Во мне взыграл другой, и не успел я сам понять, что происходит, как схватил ее за руку и впился зубами в те два пальца, которые присвоила себе Линда, сжал их что было сил, теперь мамке в самом деле было из-за чего завопить. Она залепила мне пощечину, жестко и основательно, чего она никогда раньше не делала, и так мы и застыли, вперившись друг в друга глазами, еще более преобразившиеся. Подбородок ломило нестерпимым холодом, и при этом губы на этом моем мерзком лице сложились в натянутую улыбку.

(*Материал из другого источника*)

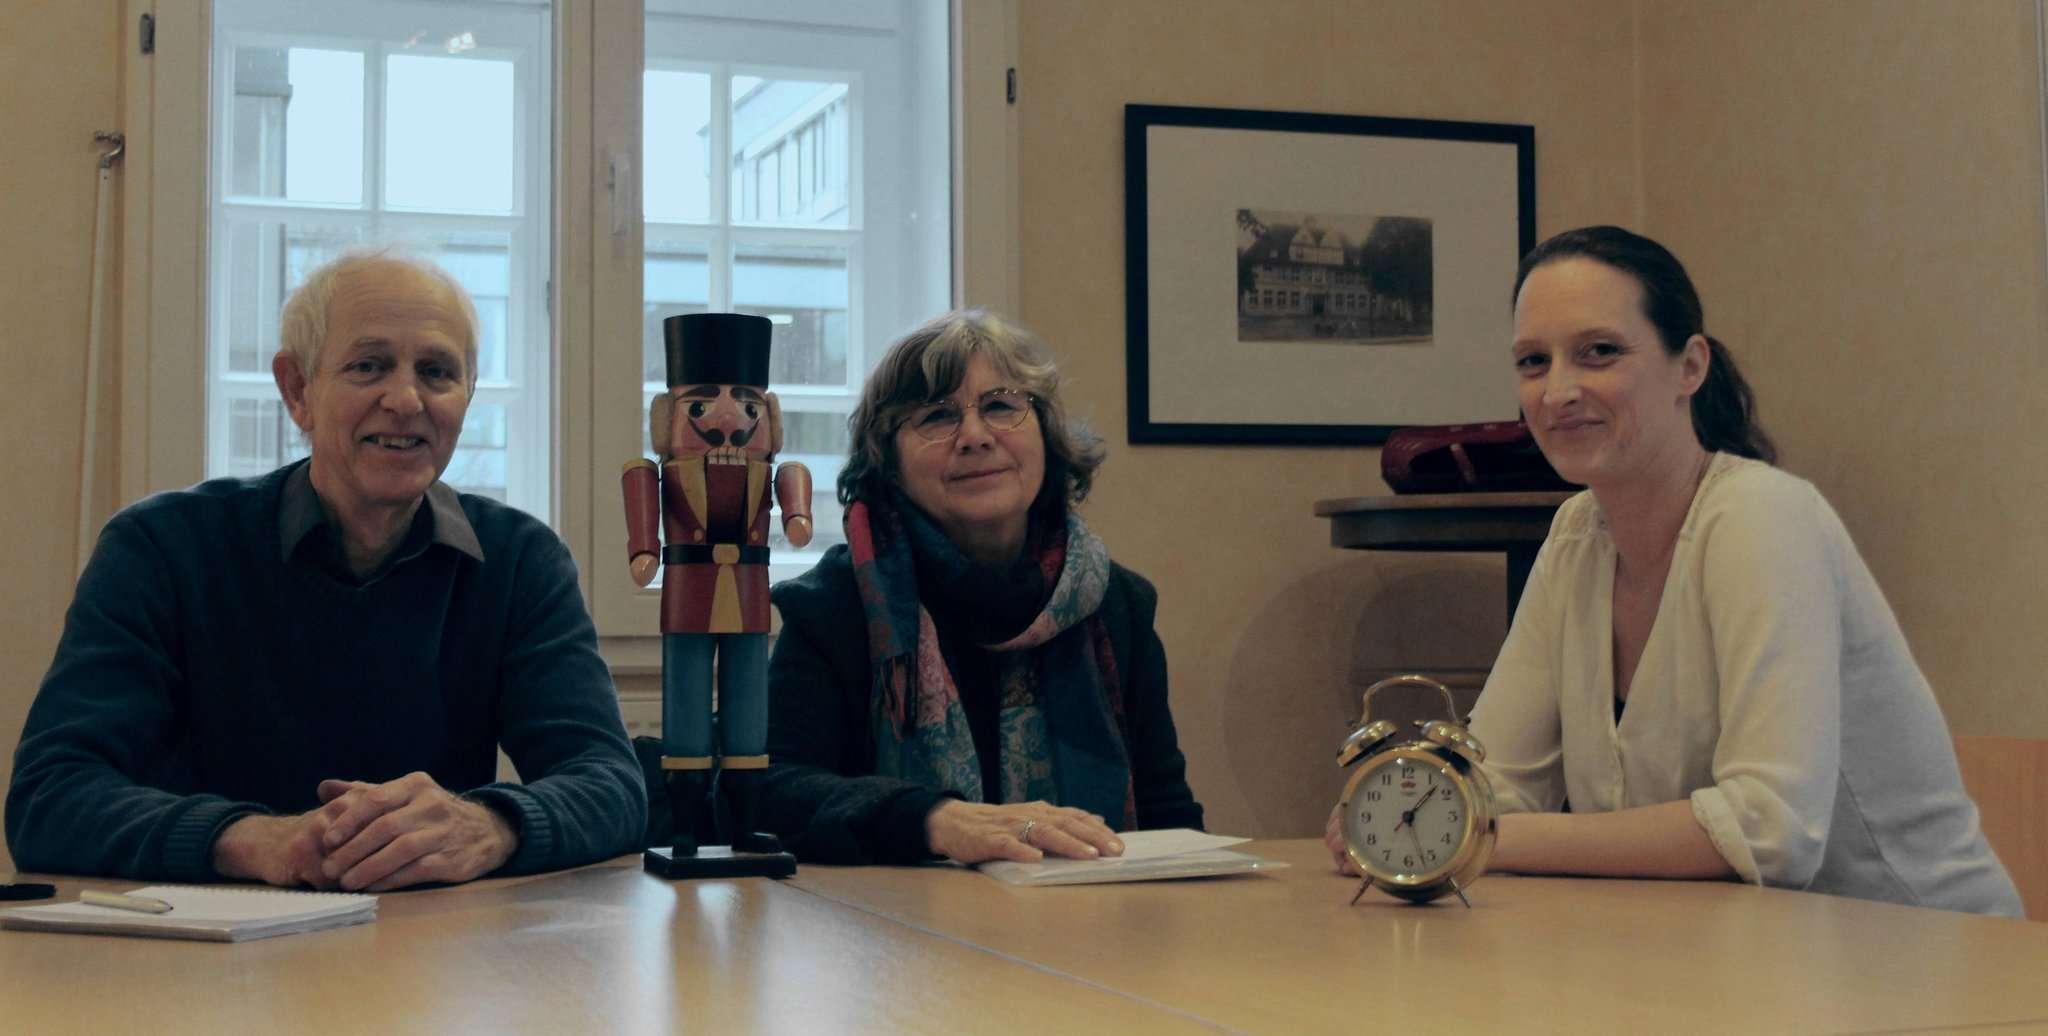 Freuen sich auf die Premiere des Repair-Cafes im Rektorhaus am 6. Februar (von links): Wilfried Voortmann, Sabine Bartram und Jana Czichos.  Foto: Björn Blaak

Меня вырвало на пол прямо тут же, я спокойно вышел в прихожую, накинул куртку и отправился на улицу к другим, тем, у кого, казалось, не было дома; во всяком случае, дома они не бывали — к большим и пропащим, Раймонду Ваккарнагелю, Уве Йёну и им подобным... Этим вечером мы побили стекла в подъездах второго, четвертого, шестого, седьмого и одиннадцатого корпусов, и еще маленькое окошечко Лиеновского склада, где хранились крупа саго и табак для самокруток. Никогда еще в микрорайоне Тонсен никто не бил столько стекол за один-единственный субботний вечер. И, может быть, я единственный знал, почему, или, по крайней мере, у меня единственного была причина — странное безмолвное существо, крепко спавшее у меня дома в нашей новой двухэтажной кровати; остальные занимались этим, наверное, по старой привычке или по складу характера, но я был сложен определенно не так.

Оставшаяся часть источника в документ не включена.